Copy task for the material below: print the line with "RA, Rentekammeret inntil" and every line after it to the end, exactly as written, without the pictures.

Top of DATASET CONTENT

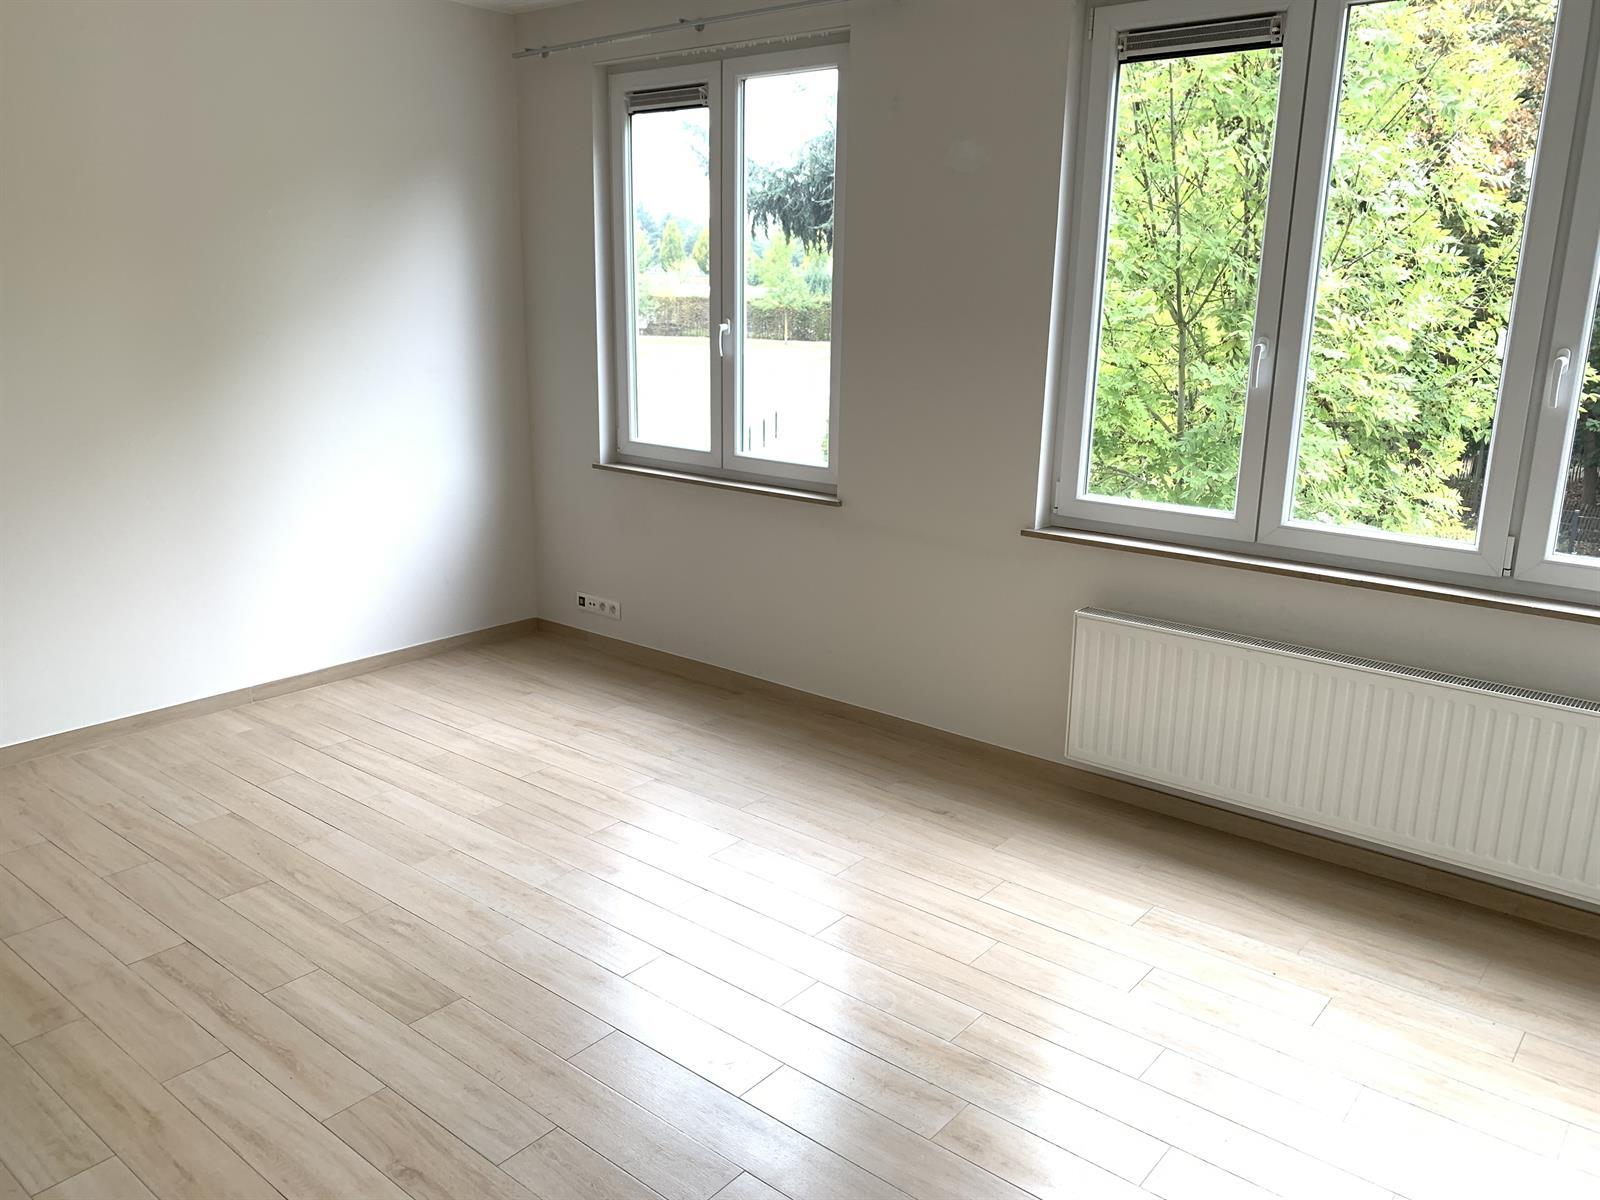 Appartement - Molenbeek-Saint-Jean - #4199507-2
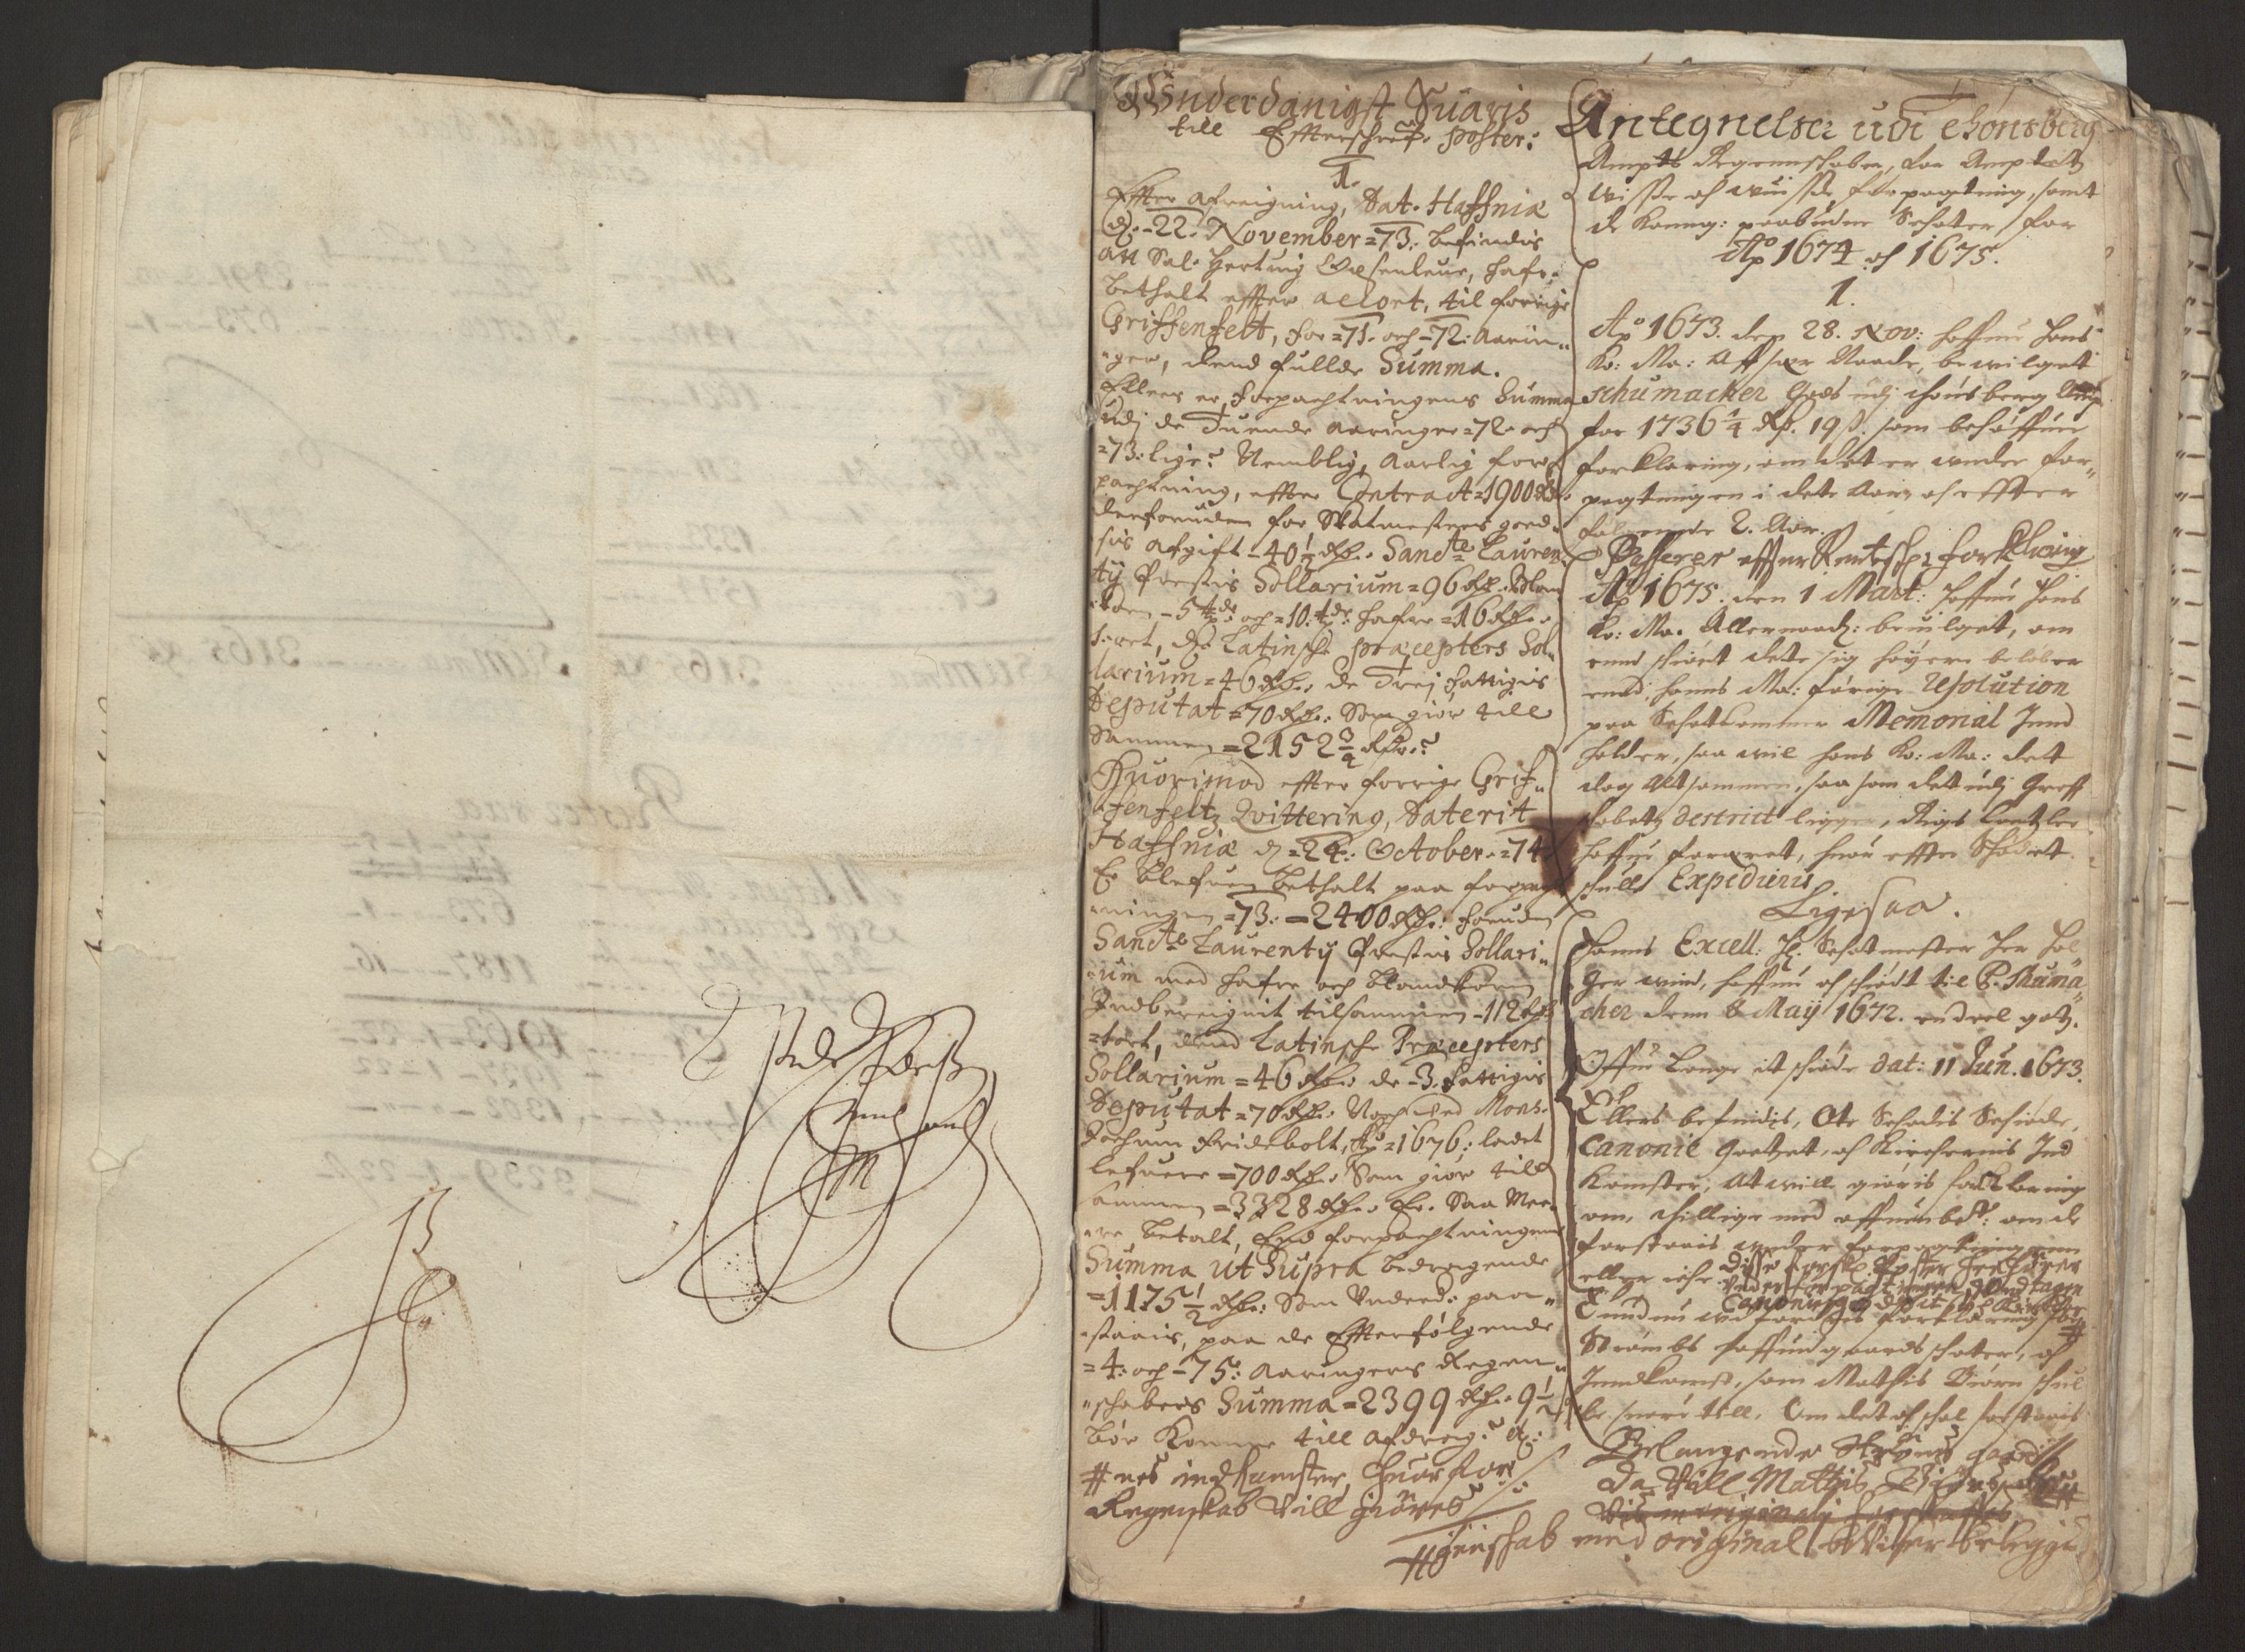 RA, Rentekammeret inntil 1814, Reviderte regnskaper, Fogderegnskap, R32/L1843: Fogderegnskap Jarlsberg grevskap, 1674-1675, s. 27
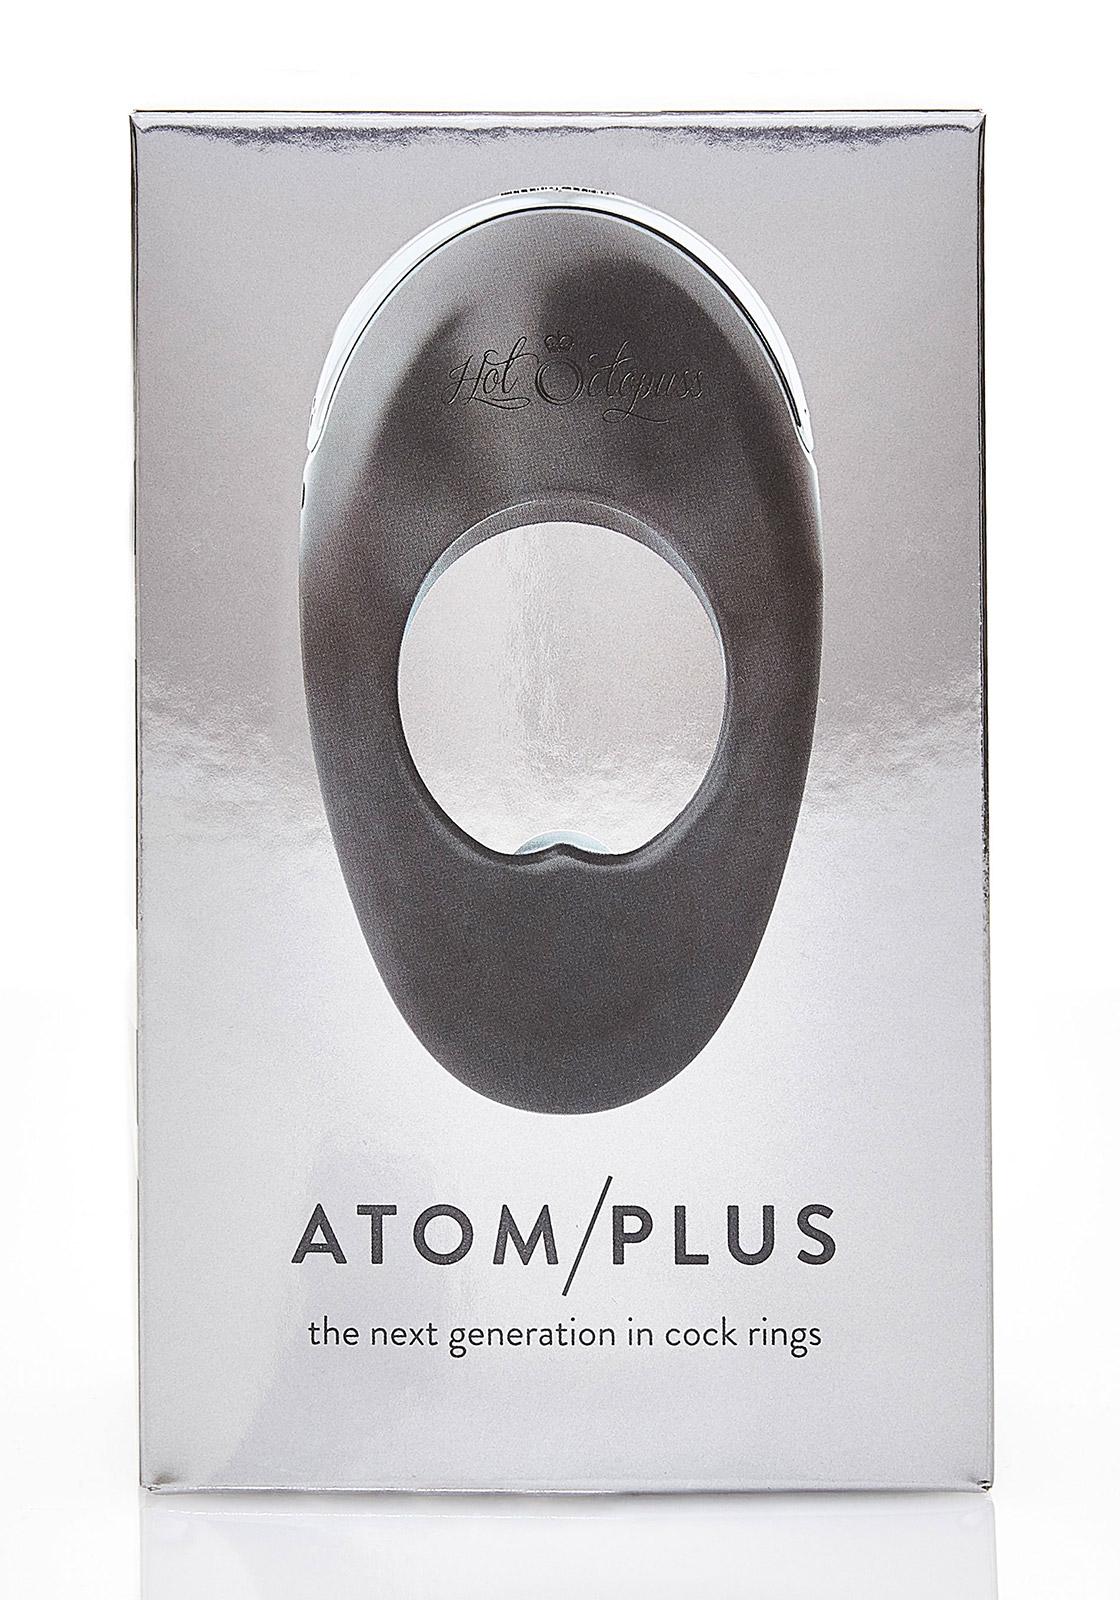 Hot Octopuss: Atom Plus Cockring

Bottom of DATASET CONTENT

● **RESPONSE BELOW**:
 RA, Rentekammeret inntil 1814, Reviderte regnskaper, Fogderegnskap, R32/L1843: Fogderegnskap Jarlsberg grevskap, 1674-1675, s. 27
 Hot Octopuss: Atom Plus Cockring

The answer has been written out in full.